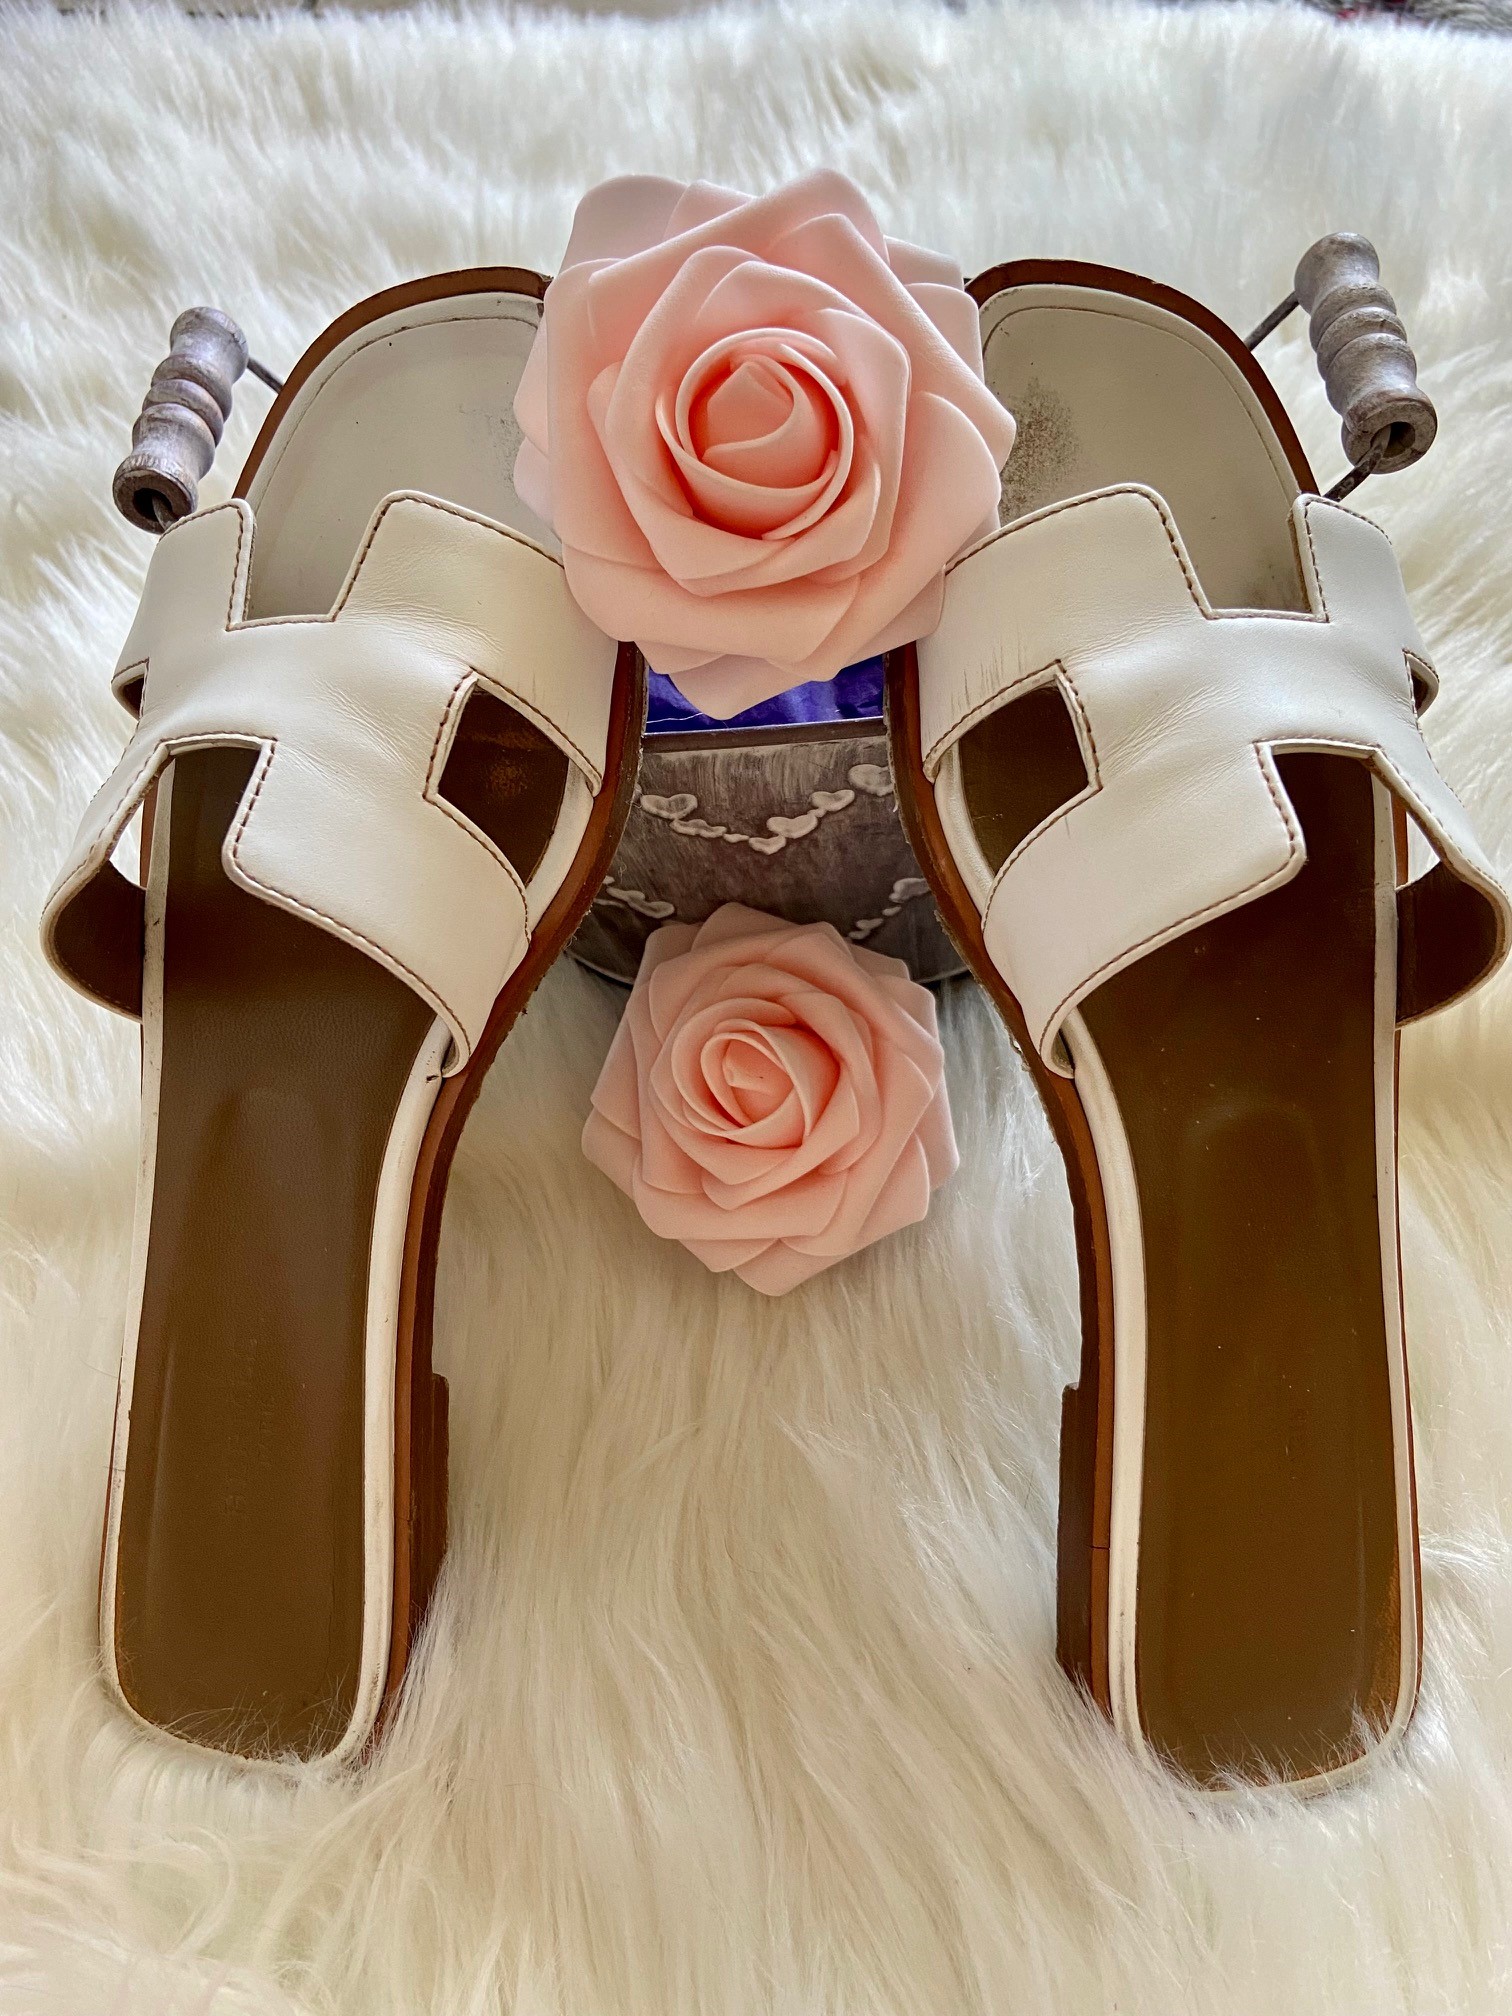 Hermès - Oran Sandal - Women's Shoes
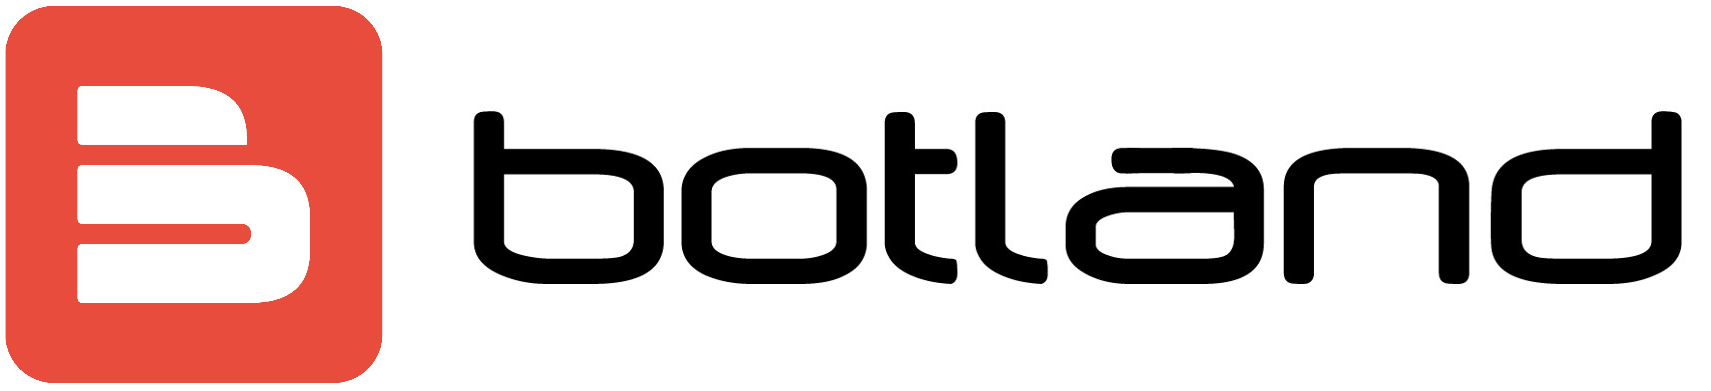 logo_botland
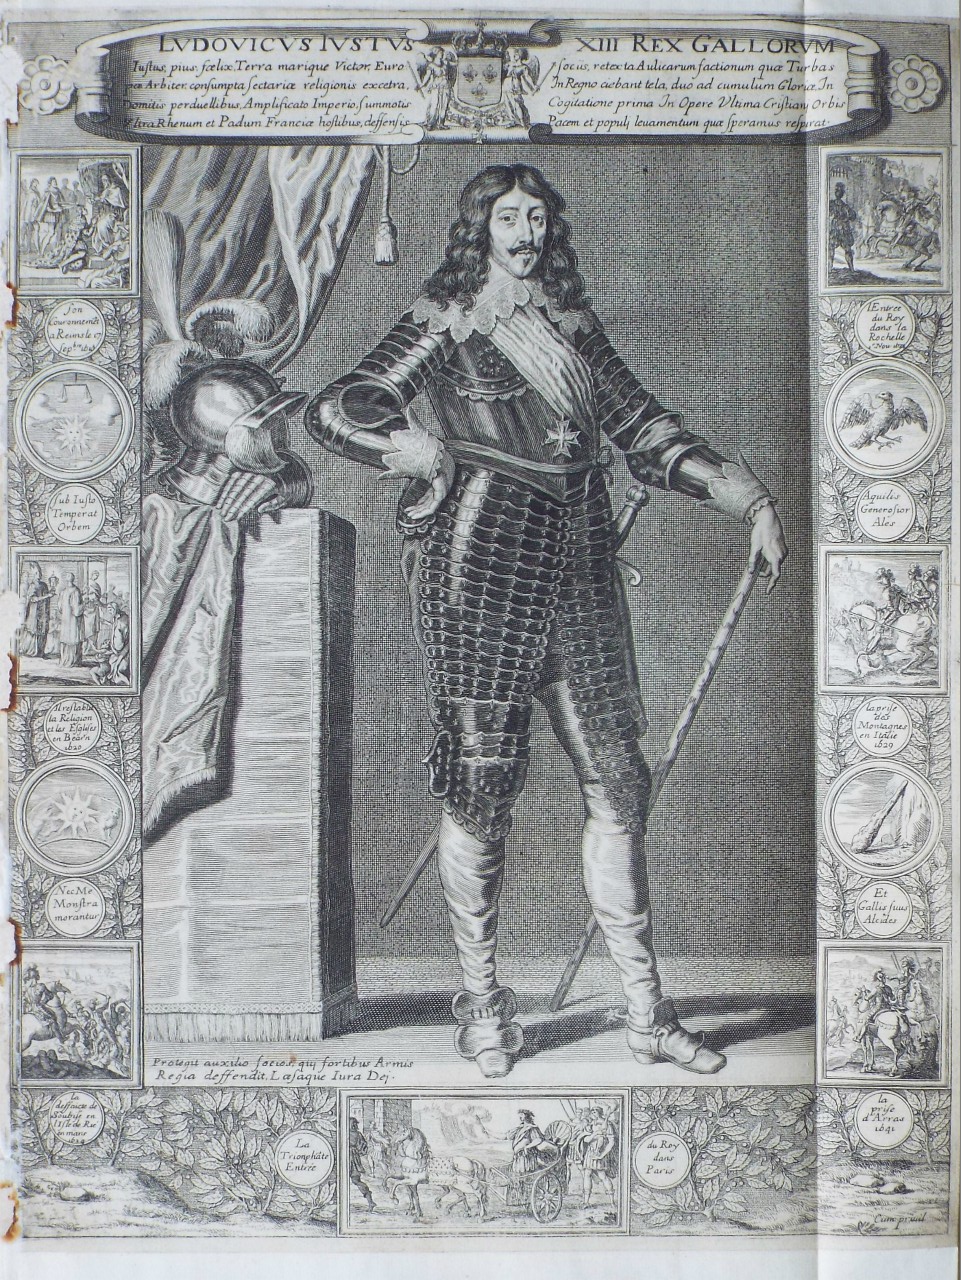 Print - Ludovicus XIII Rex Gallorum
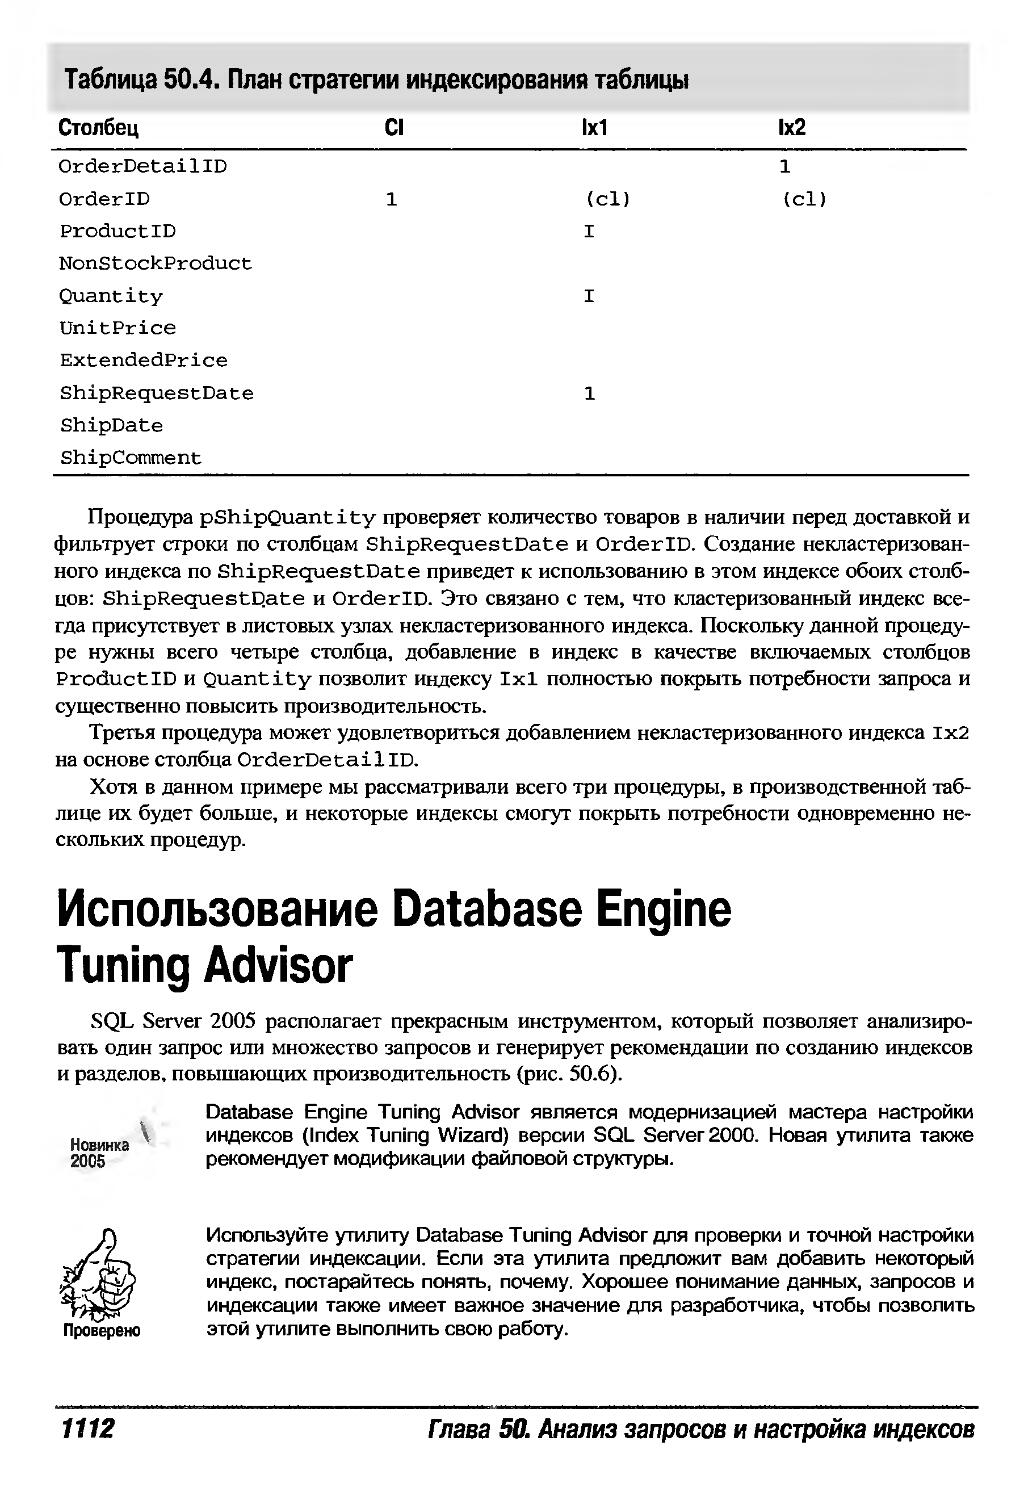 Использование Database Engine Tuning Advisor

• **Work order**:
This exercise asks for the data above to be given again exactly, without pictures.

• **Reply to the exercise**:
 Hermès - Oran Sandal - Women's Shoes
 logo_botland
 Print - Ludovicus XIII Rex Gallorum
 Использование Database Engine Tuning Advisor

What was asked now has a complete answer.